The reasons are evident. As the economy enters a full-blown slowdown and consumption falls across sectors, the first big casualty is media. Advertising dominates India’s Rs 1,674,00 crore media and entertainment industry, having garnered over half of the revenues in 2018. There is a direct correlation between gross domestic product growth and advertising – as the former slows down, the latter falls. From 13 per cent in 2018, ad growth this year should be in “high single digits”, says Punit Goenka, managing director and CEO, Zee. Most analysts agree. They peg it at 8-9 per cent, at best. 

“If the second quarter is black (without a decline) then it will be a big thing,” says Girish Agarwal, director, DB Corporation. Two years ago, while newsprint prices were high and the economic indicators had just started flashing red, DB started cutting costs by pruning staff.

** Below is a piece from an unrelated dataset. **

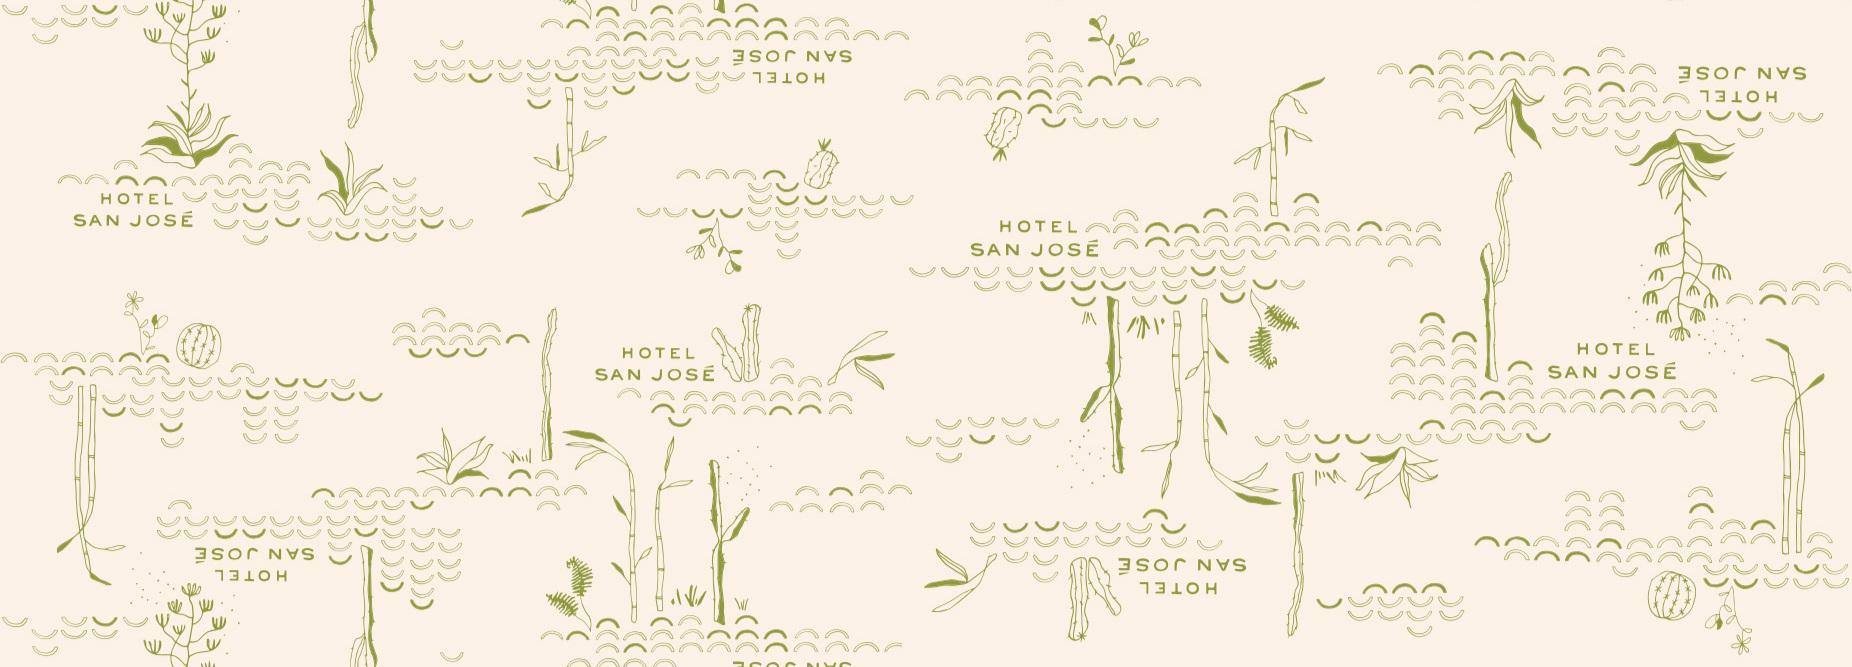 HotelSanJosePatternBig.jpg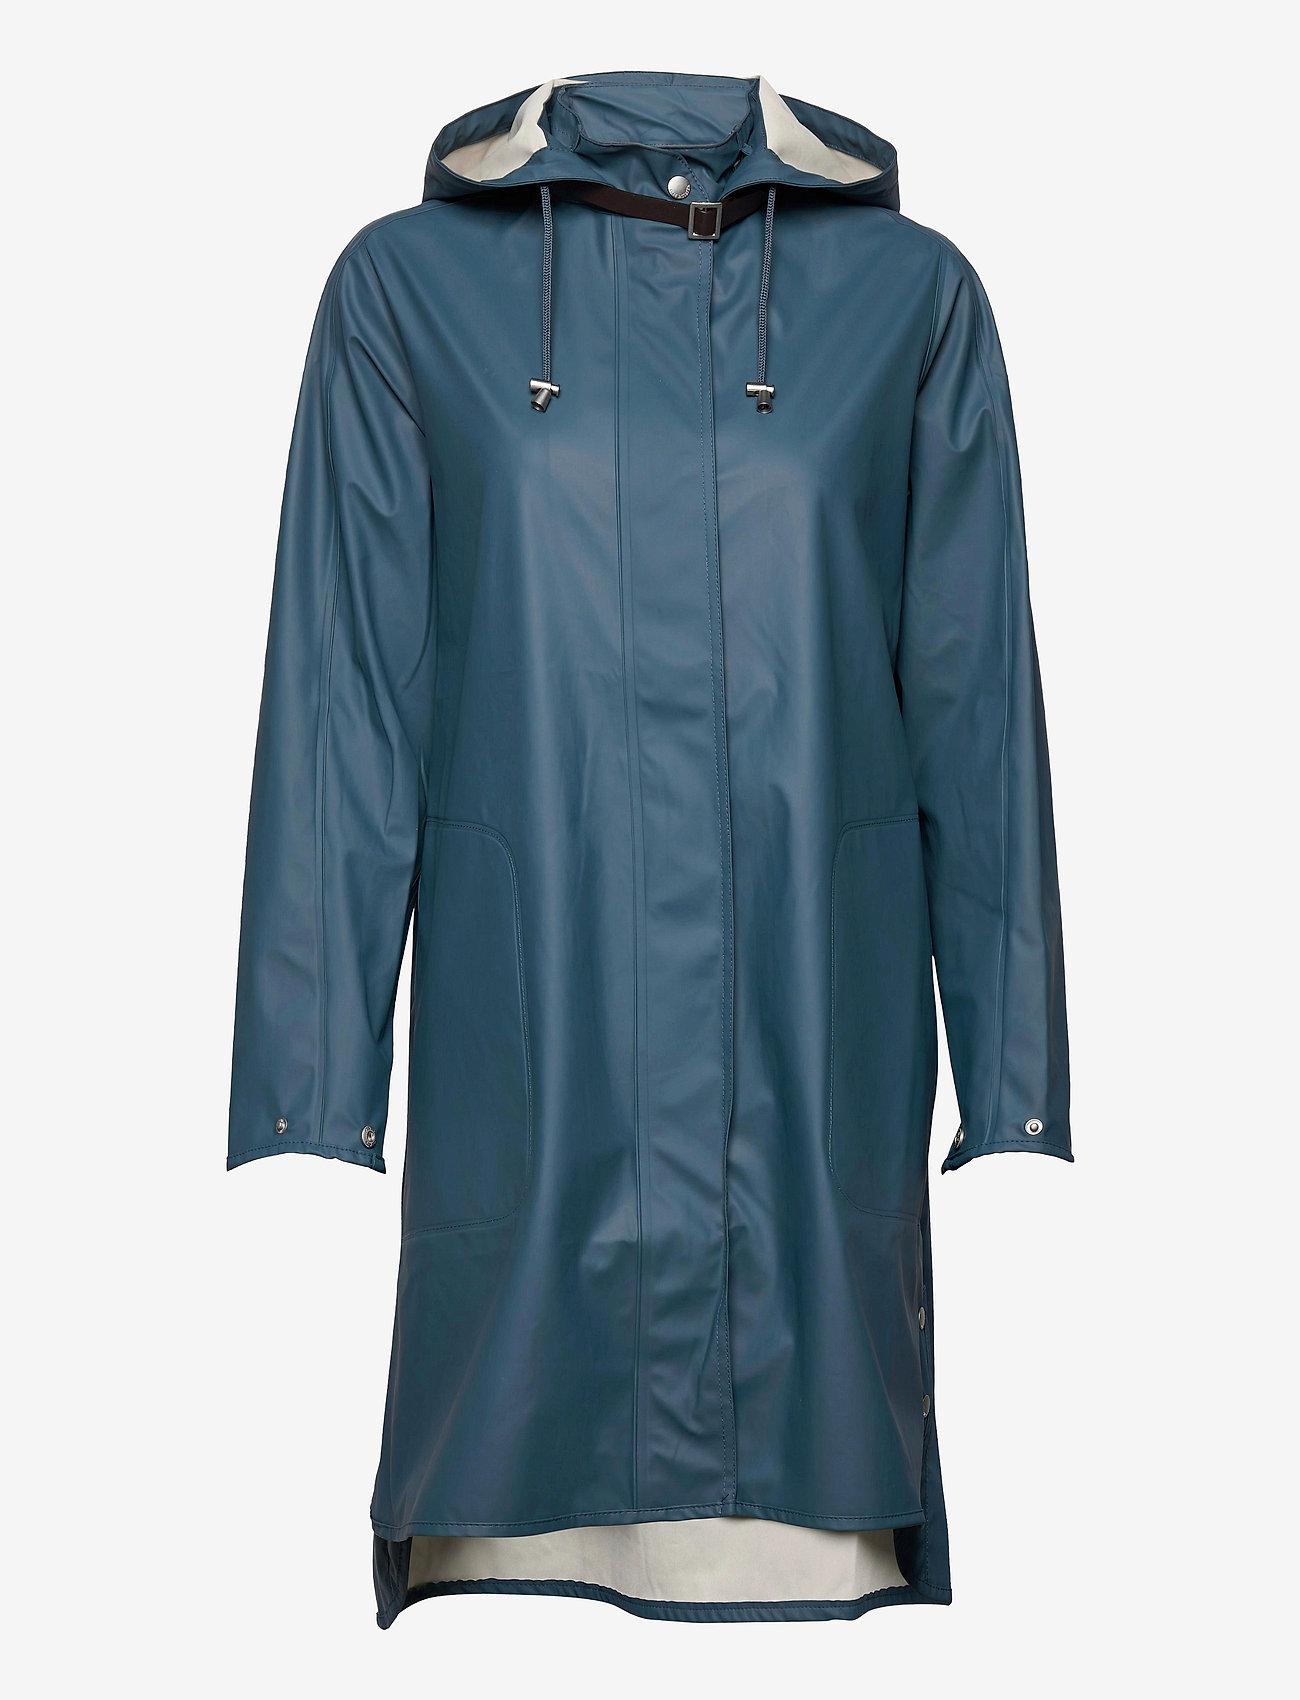 Ilse Jacobsen - RAINCOAT - regnjakker - orion blue - 0

As a result, says Agarwal, “We have been able to deliver on EBITDA (earnings before interest, taxes, depreciation and amortisation) though we are struggling with top line.”  

But it seems all is not lost. Rohit Dokania, Senior Vice-President, research, IDFC Securities, points out that the slowdown has to be seen from a “bucket perspective.” He reckons that just over half of the Rs 30,500 crore in advertising that the broadcasters made in 2018 came from fast moving consumer goods firms. These are companies such as Unilever or Nestle, which are still growing. “The TV structure is more about brand building. You want to launch a new brand you go on TV, you want footfalls in a dealership, you go on print,” says Dokania. 

Given that, TV ad growth shouldn’t have slowed down, but for the New Tariff Order implemented in February this year. This caused a huge drop in reach and, therefore, advertising, even as subscription revenues went up. 

The print industry is very ad-dependent, getting more than 71 per cent (or Rs 21,720 crore) of the Rs 30,550 crore it made last year from advertising. Automobiles, education, government spending bring in more than 40 per cent of all print advertising, says Agarwal. Over the last nine months, automobile sales have been dropping, going down by a whopping 31 per cent in July and leading to “the biggest dent in advertising,” says Agarwal. Real estate has also taken a hit.  

“If I remove political (election-related) advertising, then government spending has declined by 50 per cent,” says Agarwal. As for banking and financial services, the other big print advertisers, “the NBFC crisis has made everyone cautious. The upside for print is that, unlike TV, it has a diversified advertiser base,” says Dokania. 

Agarwal reckons that given the extent of the slowdown, print is actually in good shape compared to other sectors of the economy. “Tell me which industry is still doing 25 per cent EBITDA?” he asks.

But that is where the positive news ends. Much of the hope for recovery is attached to the festival season, which includes Eid, Onam, Diwali and Dusshera, spread over quarters three and four. “Going by the current trends, the festival season may not be as good as expected,” says K Satyanarayana, Senior Vice-President, R.K Swamy Media Group. Festival ad budgets are usually finalised by July/August. That hasn’t happened this time. “If clients are tentative and haven’t finalised budgets for Diwali yet, it means trouble (for media firms),” says Satyanarayana.